As an optional implementation manner, based on the embodiment shown in fig. 1, to further reduce convenience for managing data to be stored, when performing the step of constructing a plurality of storage templates for storing actual data based on the acquired traffic indexes, the data storage method provided in the present application includes: acquiring index classification categories and category attribute data based on the acquired service indexes; and constructing a plurality of storage templates based on the index classification category and the category attribute data.

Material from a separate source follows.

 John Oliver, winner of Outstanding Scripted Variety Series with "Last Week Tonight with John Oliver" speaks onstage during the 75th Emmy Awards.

The method comprises the steps of obtaining index classification category and category attribute data based on the obtained service index, and then constructing a storage template according to the category attribute data, so that the efficiency of splitting actual data based on the service index can be greatly improved, and the convenience of managing the actual data is improved by adding the split data to a storage module to construct an actual table for counting the data to be stored.
As an alternative embodiment, the constructing a plurality of storage templates includes: a data storage table and a category storage table; wherein the data storage table is configured to store category attribute data, the data storage table comprising a metadata data table; the category storage table is configured to store index classification categories, the category storage table comprising: metadata index code tables, directory index tables, grouping index tables, and/or combination index tables.

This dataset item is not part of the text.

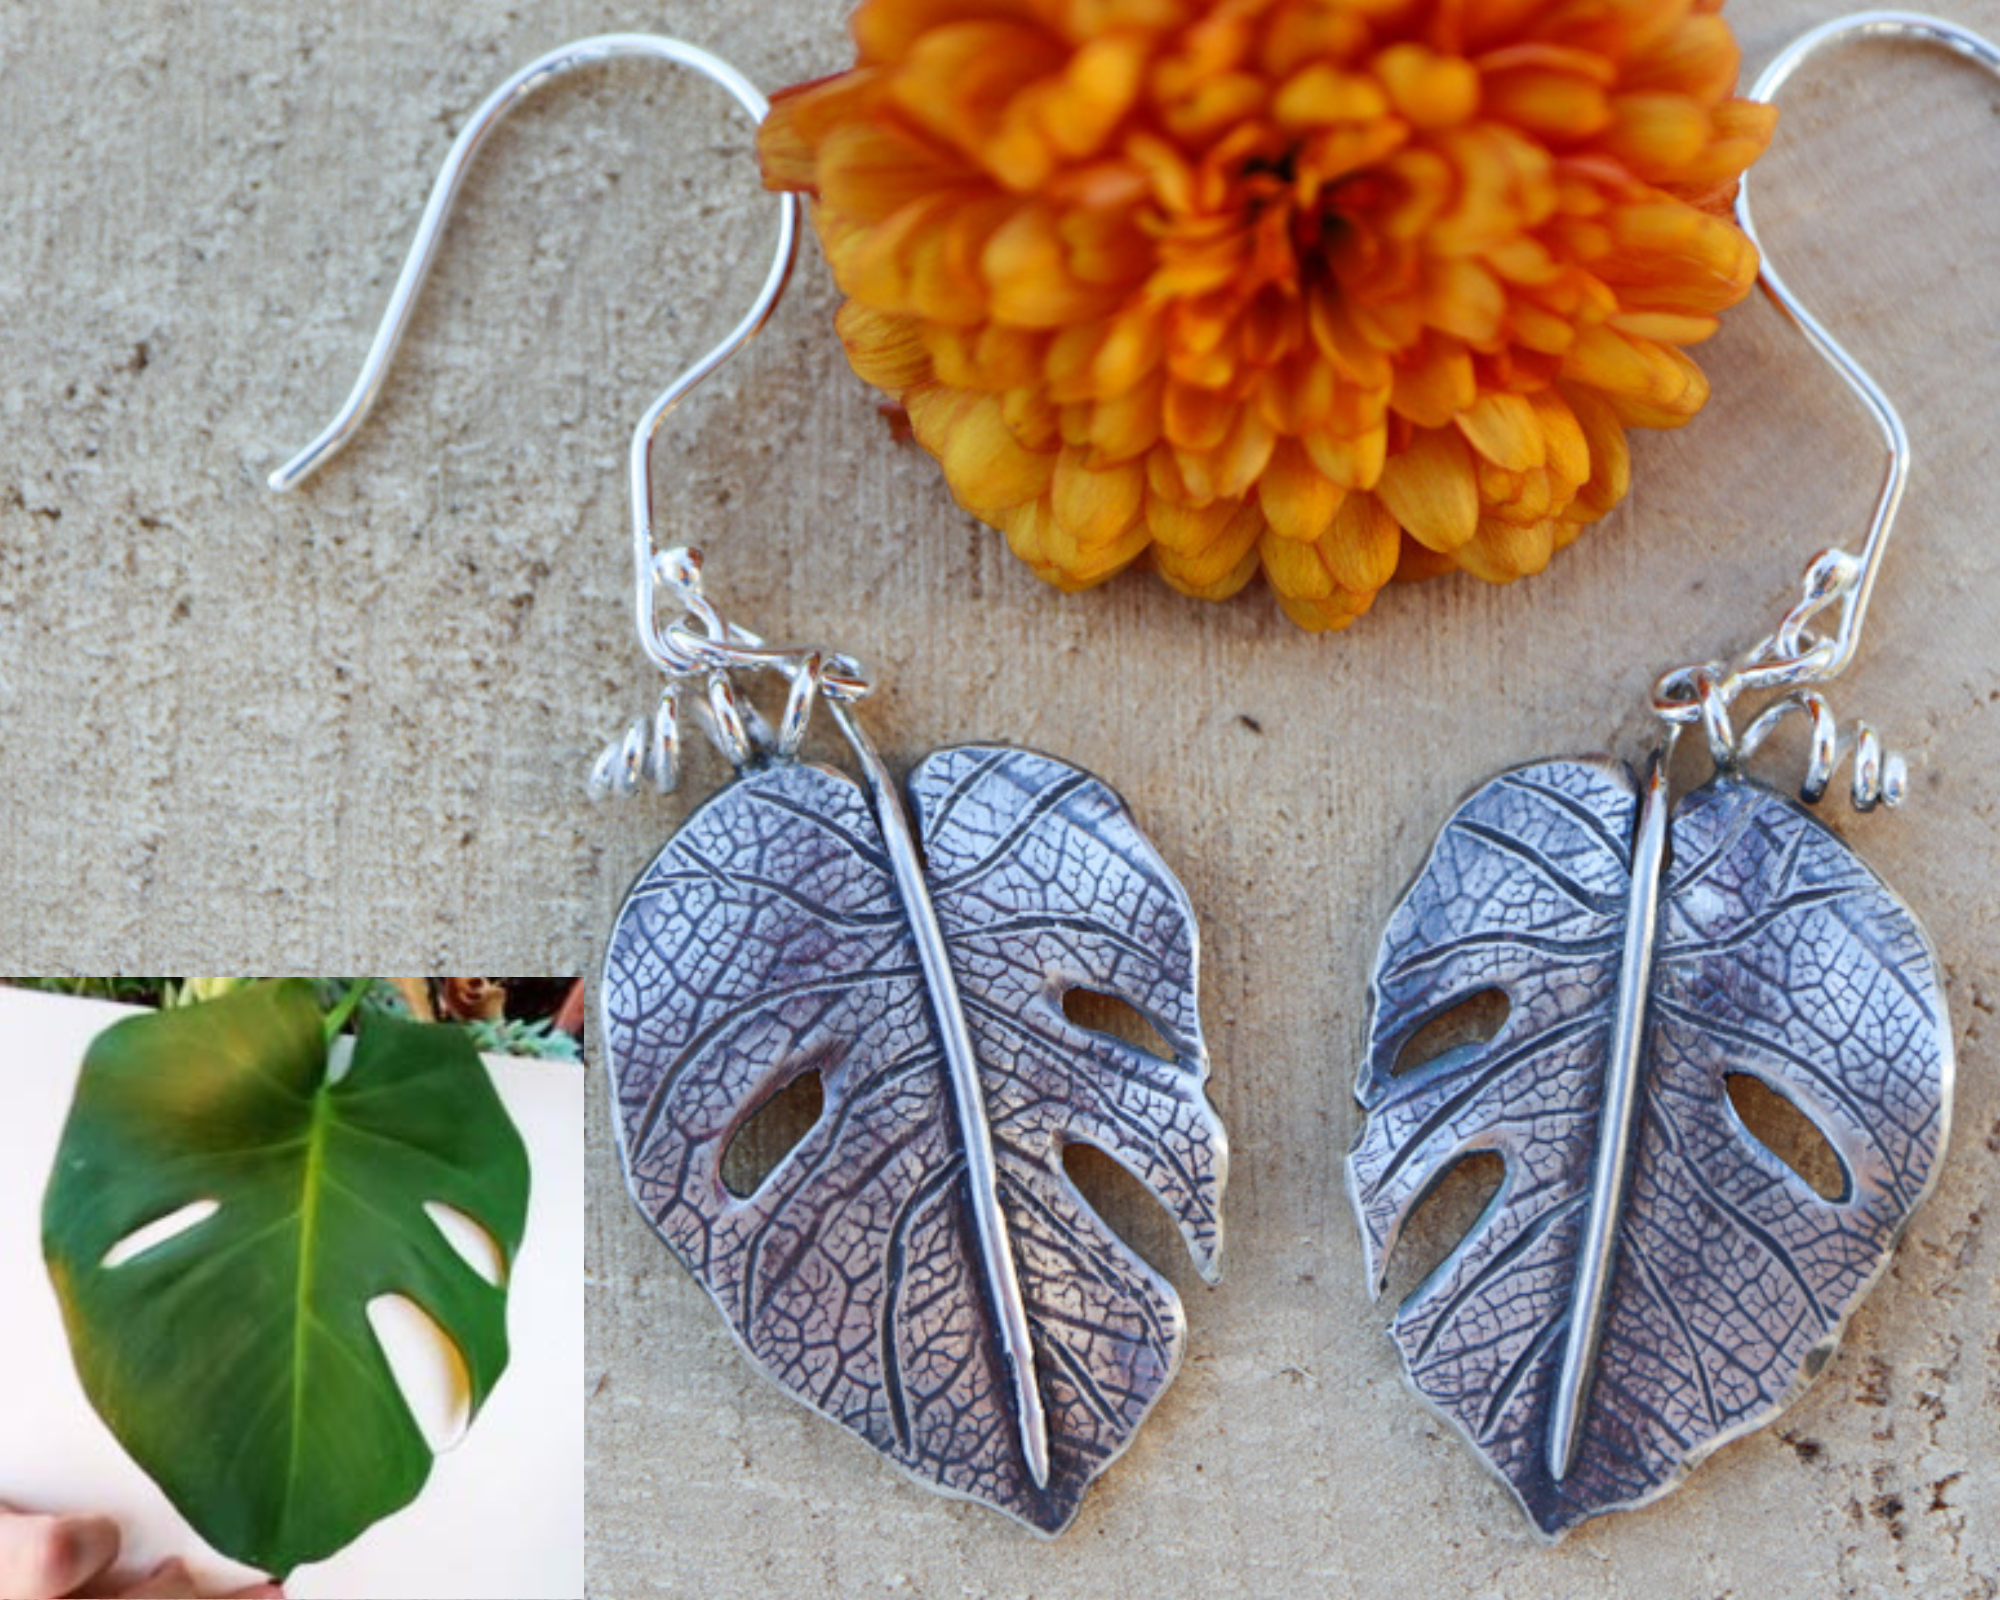 Personalized monstera deliciosa earrings made from sterling silver. They are shown next to a photo of the real plant leaf that the earrings were modeled after.

The metadata data table includes a column name, a type, and an annotation, the column name including: MACRODATAID, COMBINEID, YEAR, MONTH, TIMEFRAMECODE, UNITCODE, INDCTATTR, DATA, OPERUSERID, OPERDATE, MODIFYUSERID and MODIFYDATE; the type includes a string and time; the annotation comprises: primary key, combined index ID, year, month, time type code, unit, data attribute, data, operator, operation time, modifier, modification time. The constructed metadata data table is shown in table 1.
Table 1 metadata data table
Column name Type(s) Annotating
MACRODATAID Character string Main key
COMBINEID Character string Combination index ID
YEAR Character string Year of life
MONTH Character string Month of moon
TIMEFRAMECODE Character string Time type coding
UNITCODE Character string Unit (B)
INDCTATTR Character string Data attributes
DATA Character string Data
OPERUSERID Character string Operator
OPERDATE Time Time of operation
MODIFYUSERID Character string Modifier person
MODIFYDATE Time Modification time
The metadata index code table includes a column name, a type, and a comment, the column name including: INDCTID, INDCTNAME, INDCTCODE, INDCTTYPE, UNITCODE, INDCTEXPLAN, FILLEXPLAIN, STATUS, DATATYPE, OPERUSERID, OPERDATE, MODIFYUSERID and MODIFYDATE; the type includes a string and time; the annotation comprises: a primary key, an index name, an index code, an index type, a unit code, an index interpretation, a fill instruction, an enablement status, a data type, an operator, an operation time, a modifier, and a modification time. The constructed metadata index code table is shown in table 2.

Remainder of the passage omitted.